Source data:
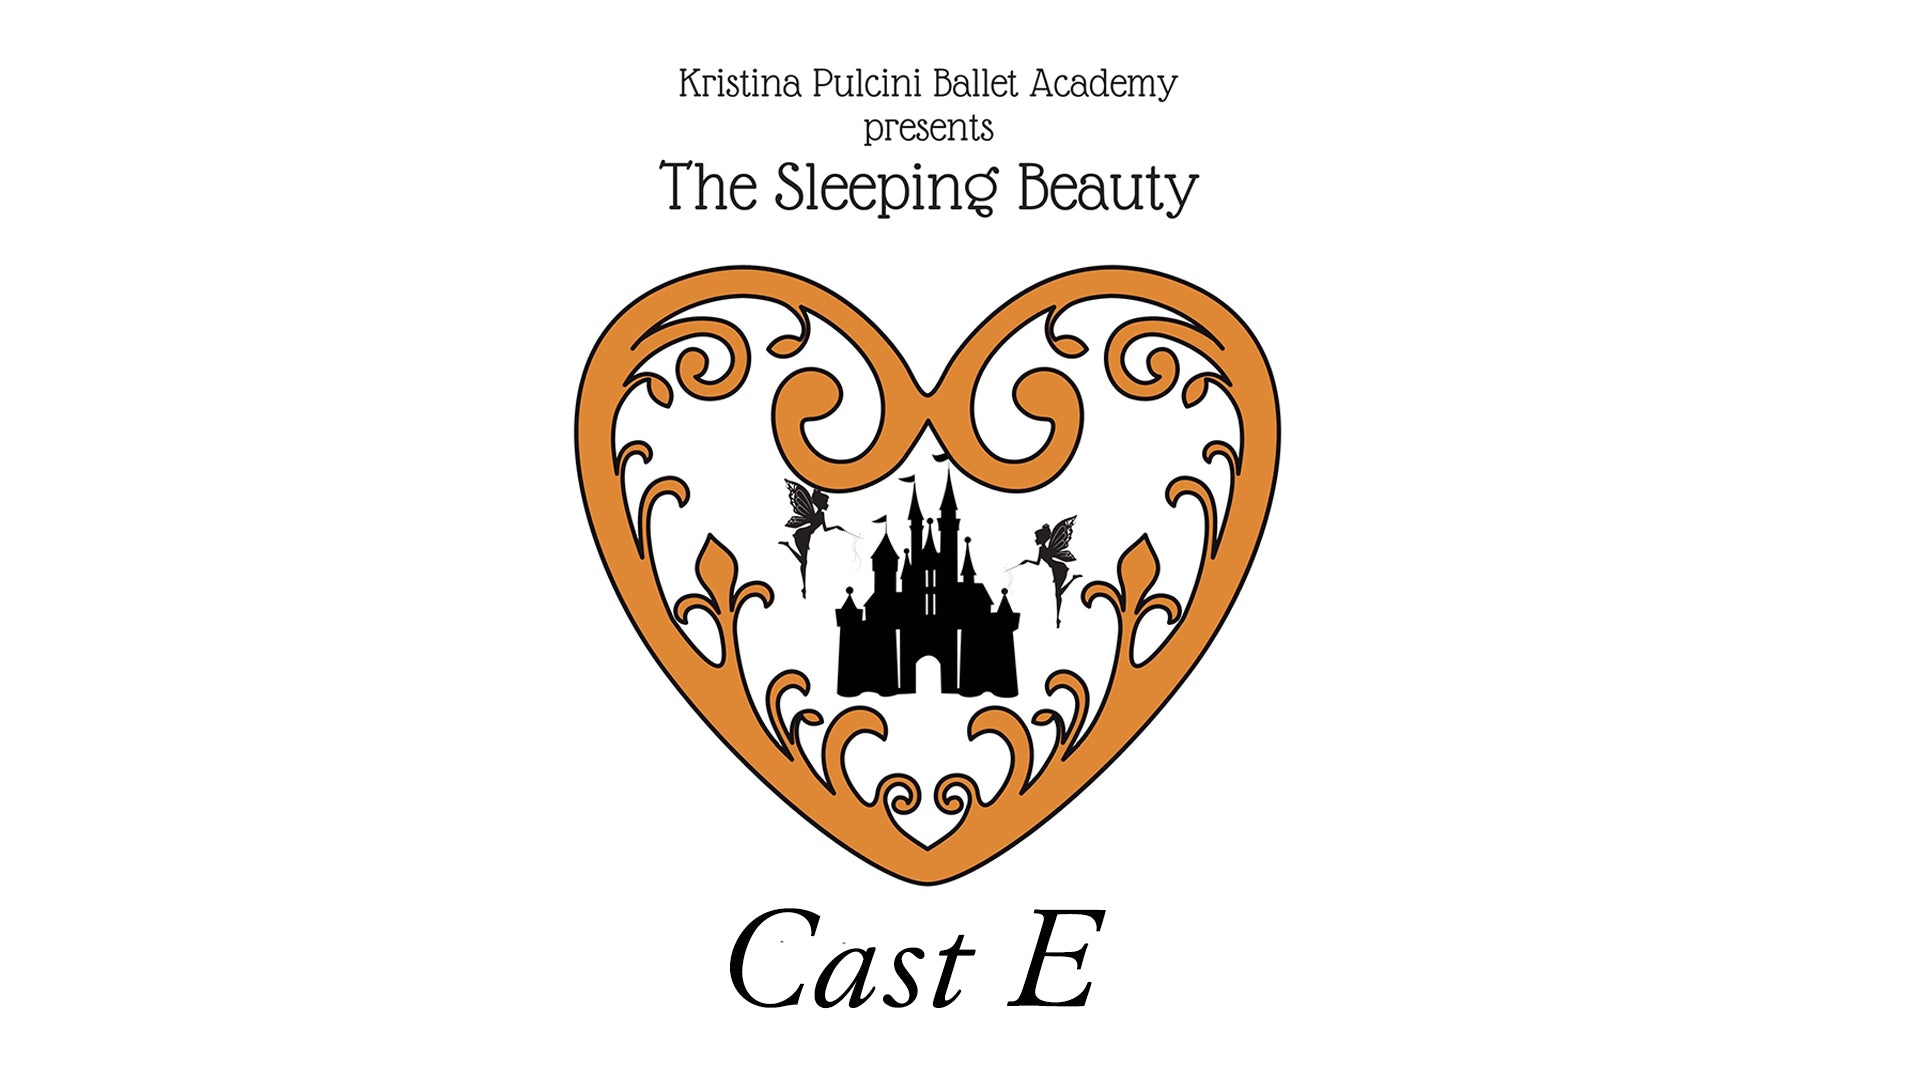 KP Ballet Academy presents "Sleeping Beauty" (2021) - Cast E
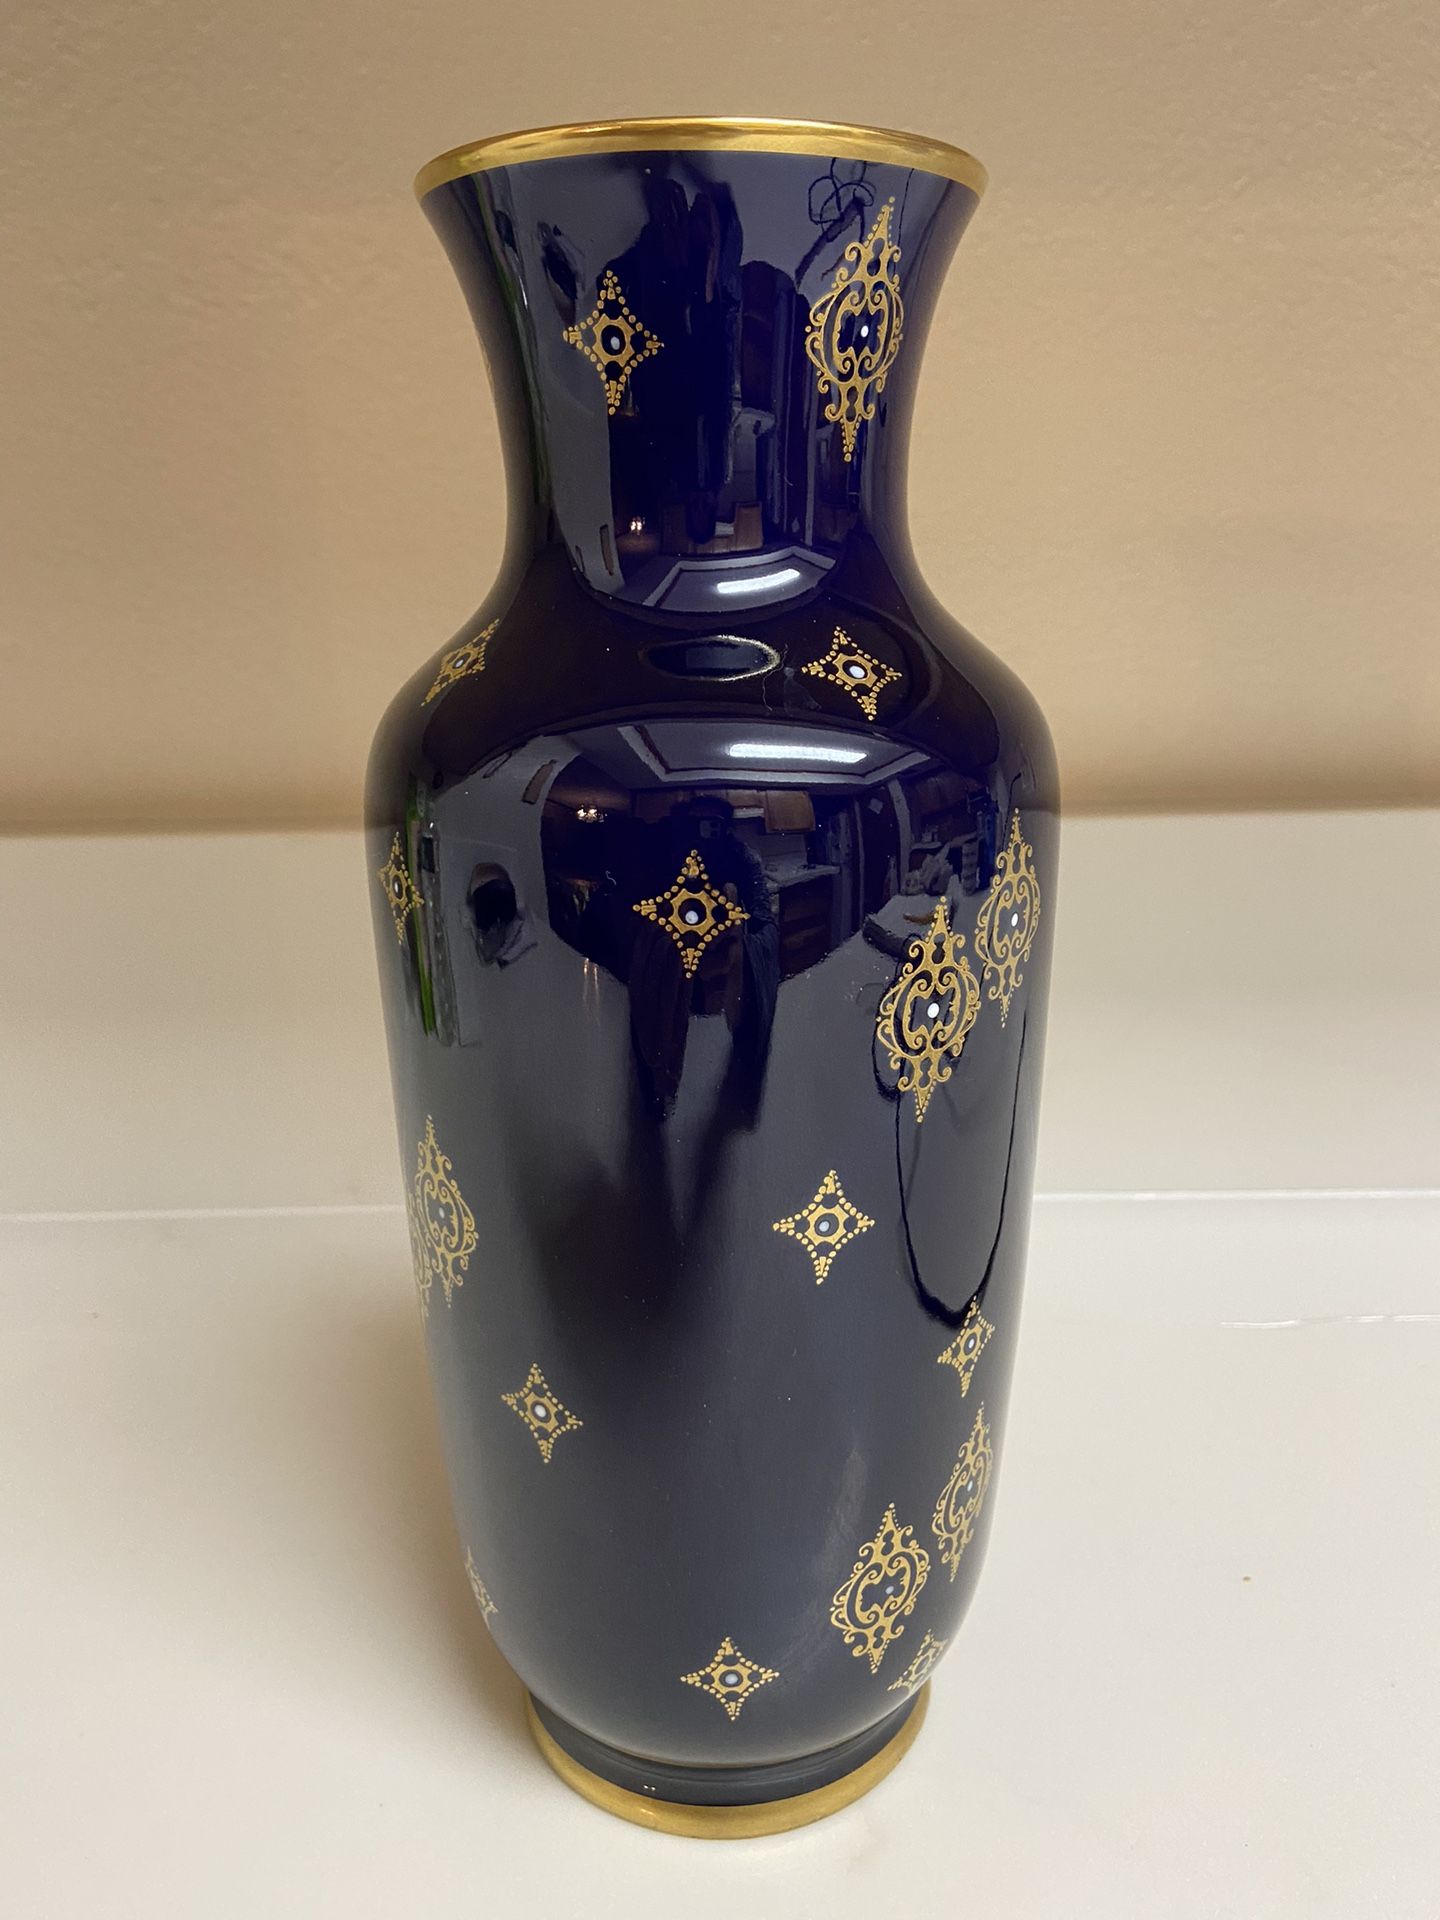 Vintage Echt Kobalt Flower Vase 10 1/2” Made In Germany
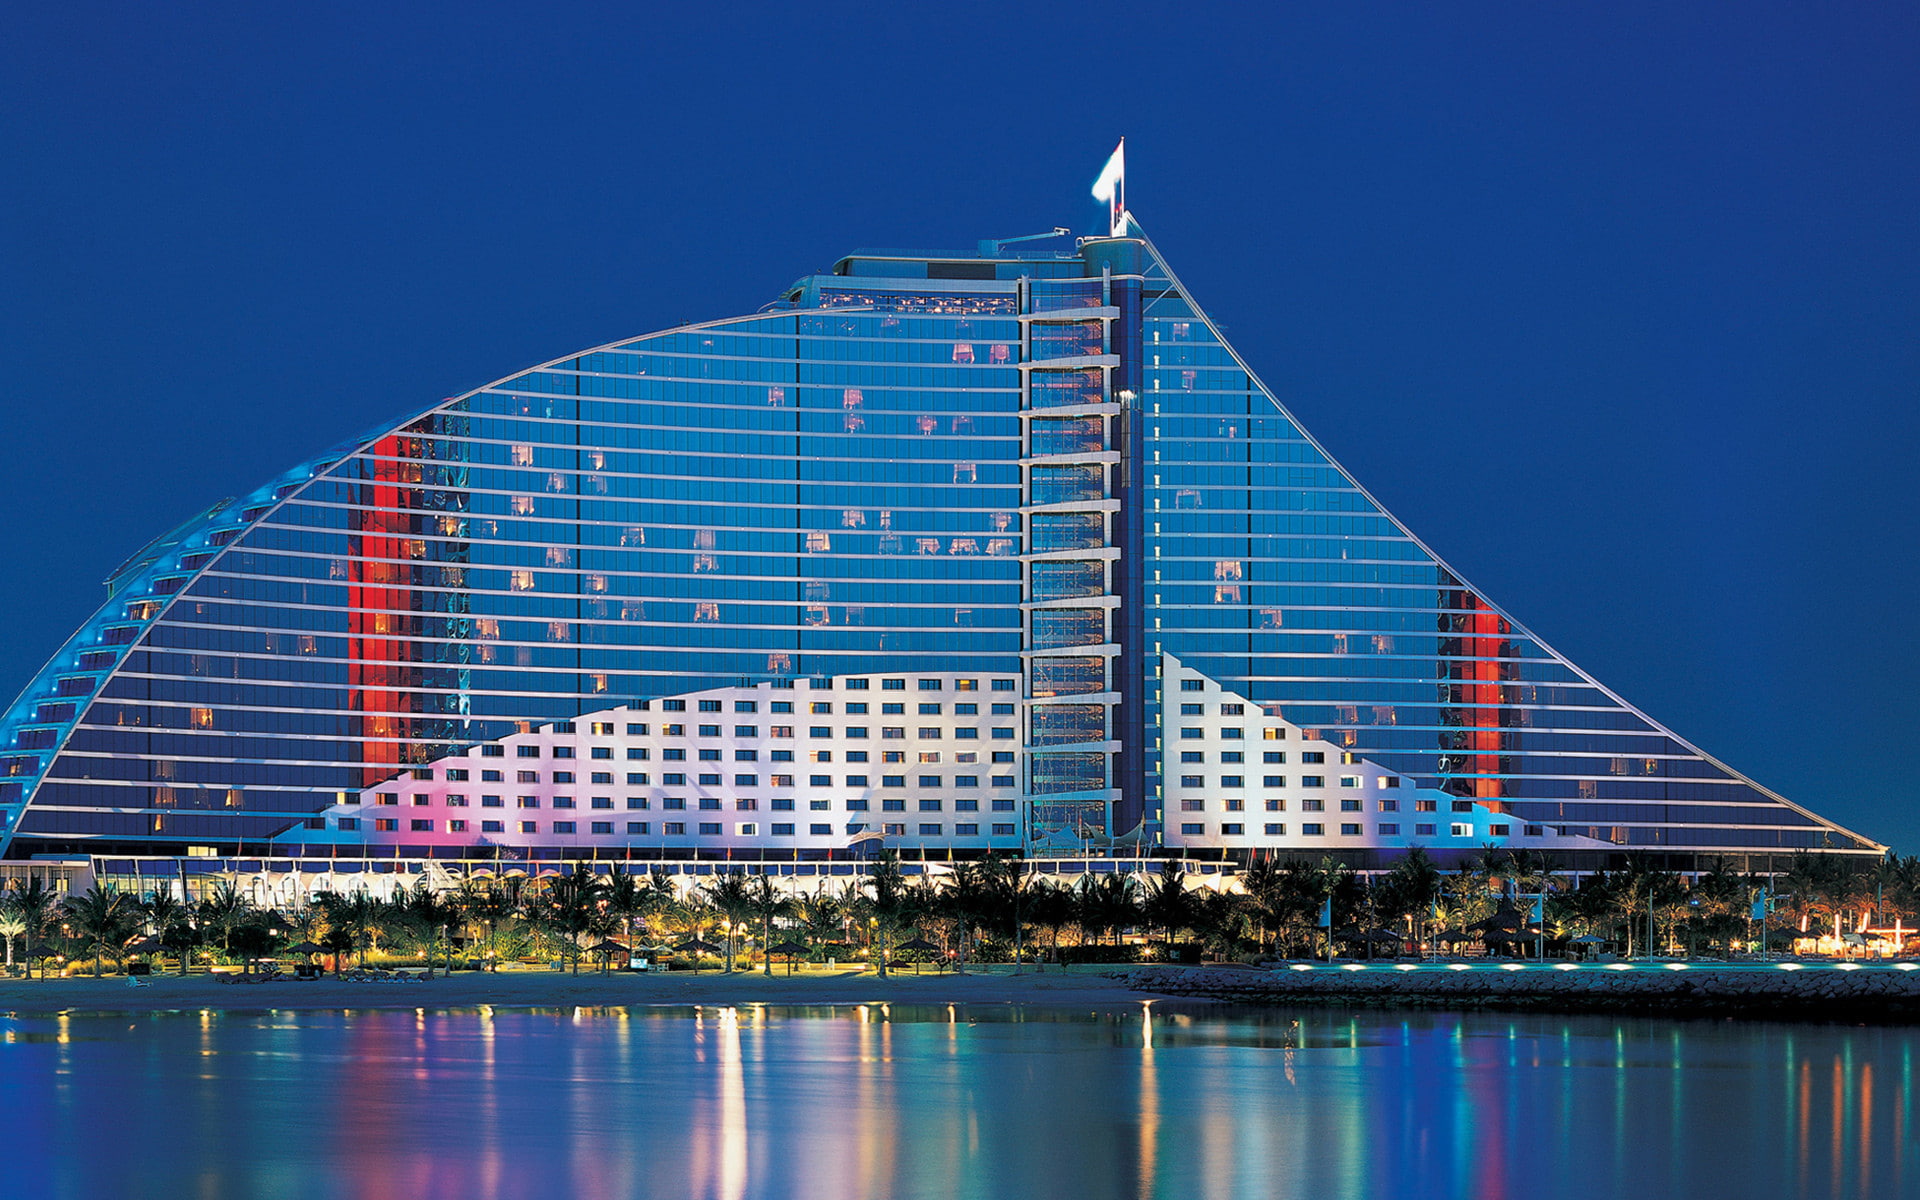 Dubai, Jumeirah Beach Hotel, UAE, s, Best s
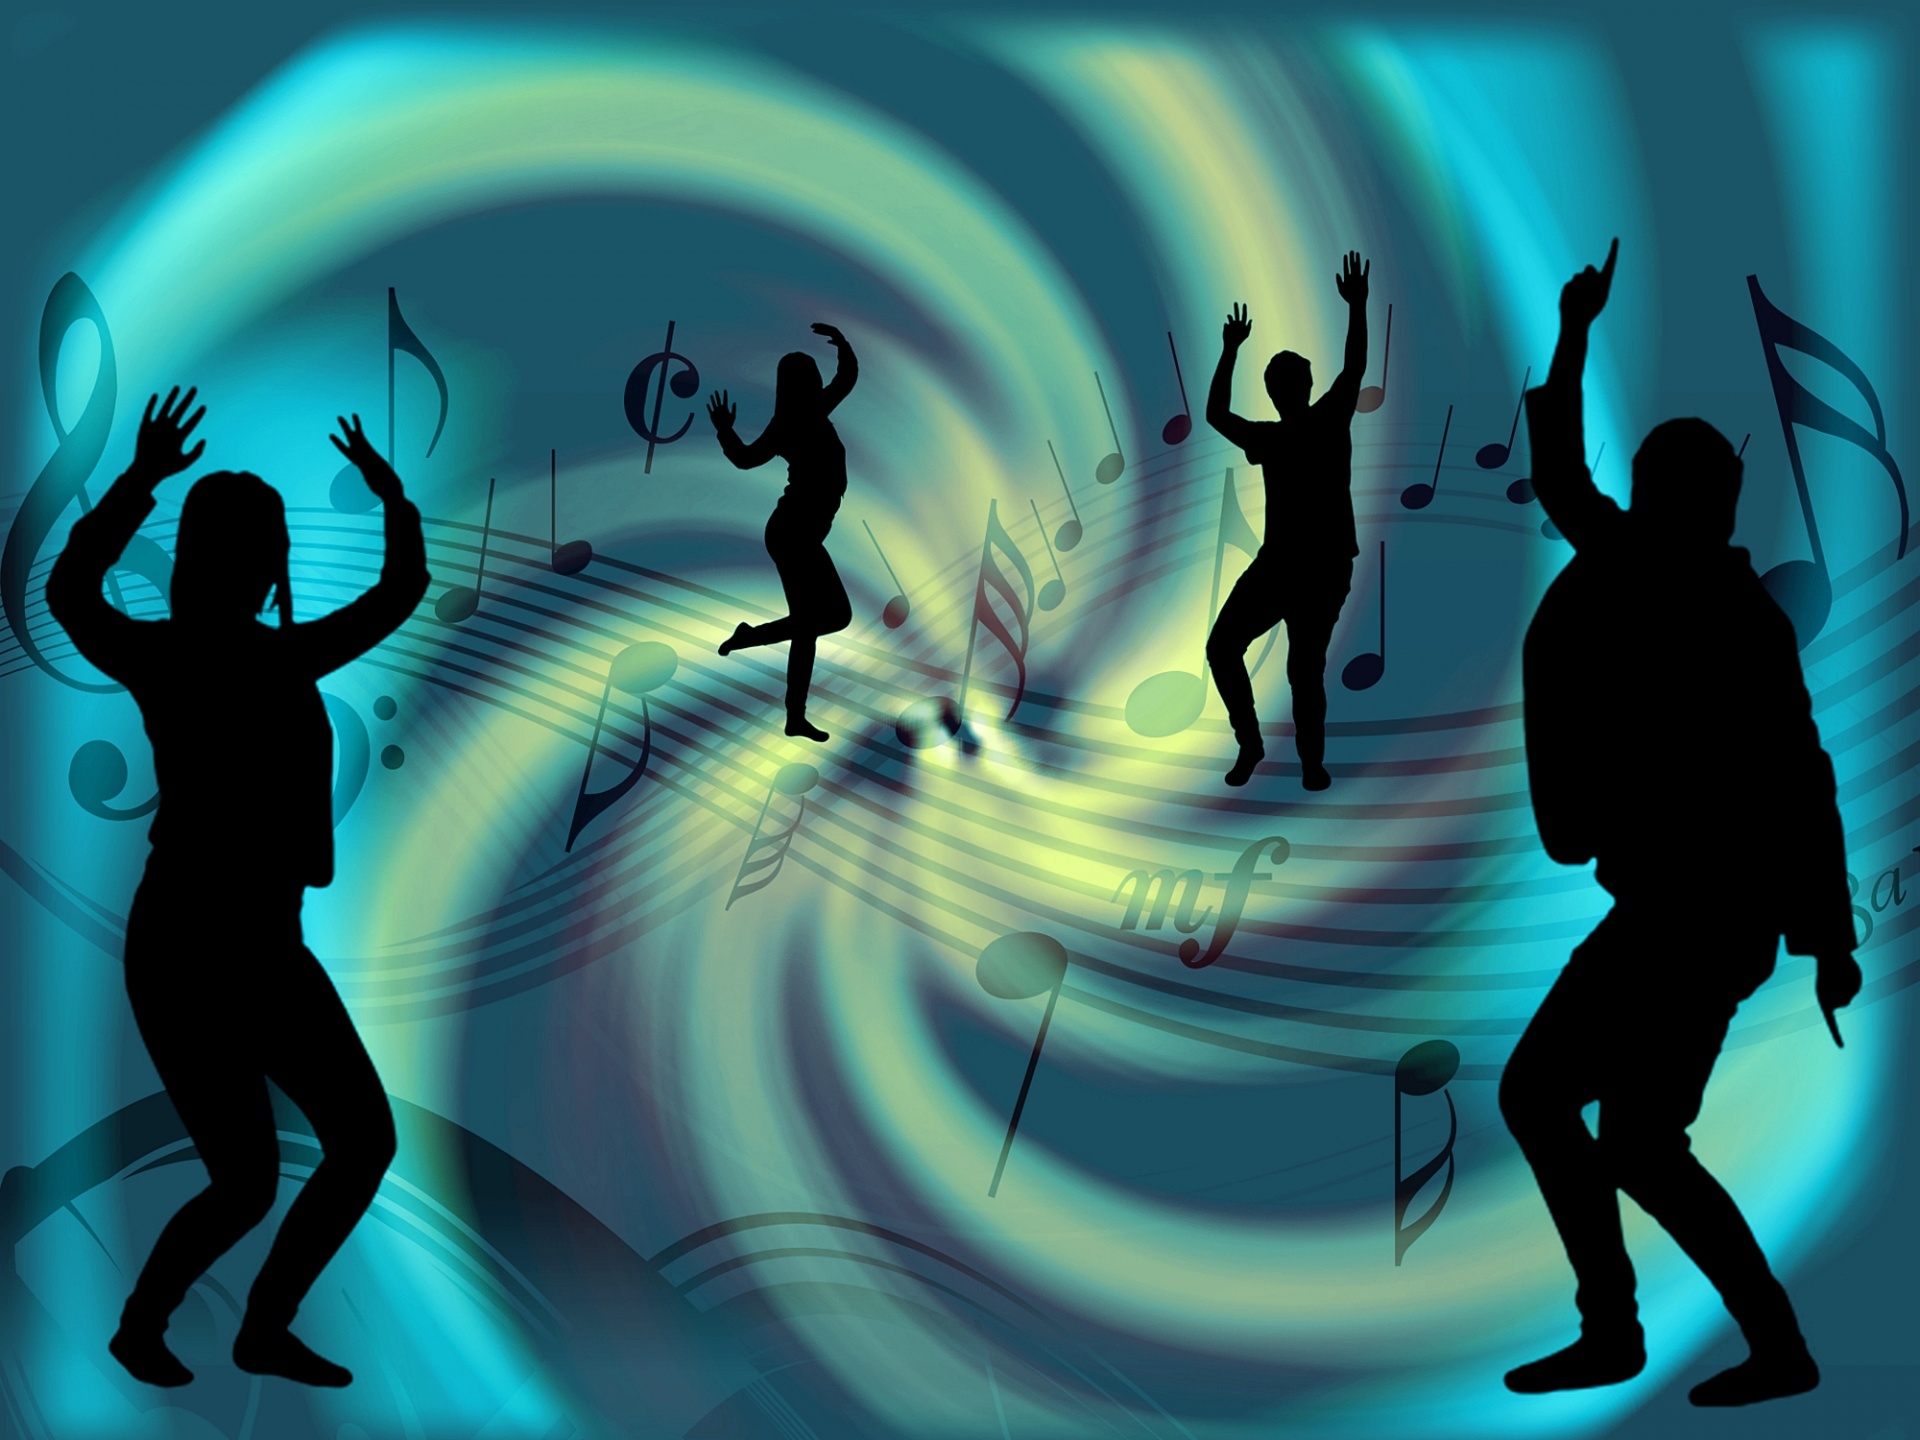 Музыка танцы музыка давайте. Люди танцуют. Танцевальный образ. Танцевальная композиция. Картинки с танцующими людьми.

Exercise instructions:
Word for word, restate all of the material, omitting the images.

Answer below:
 KP Ballet Academy presents "Sleeping Beauty" (2021) - Cast E
 Vintage Echt Kobalt Flower Vase 10 1/2” Made In Germany
 Dubai, Jumeirah Beach Hotel, UAE, s, Best s
 Музыка танцы музыка давайте. Люди танцуют. Танцевальный образ. Танцевальная композиция. Картинки с танцующими людьми.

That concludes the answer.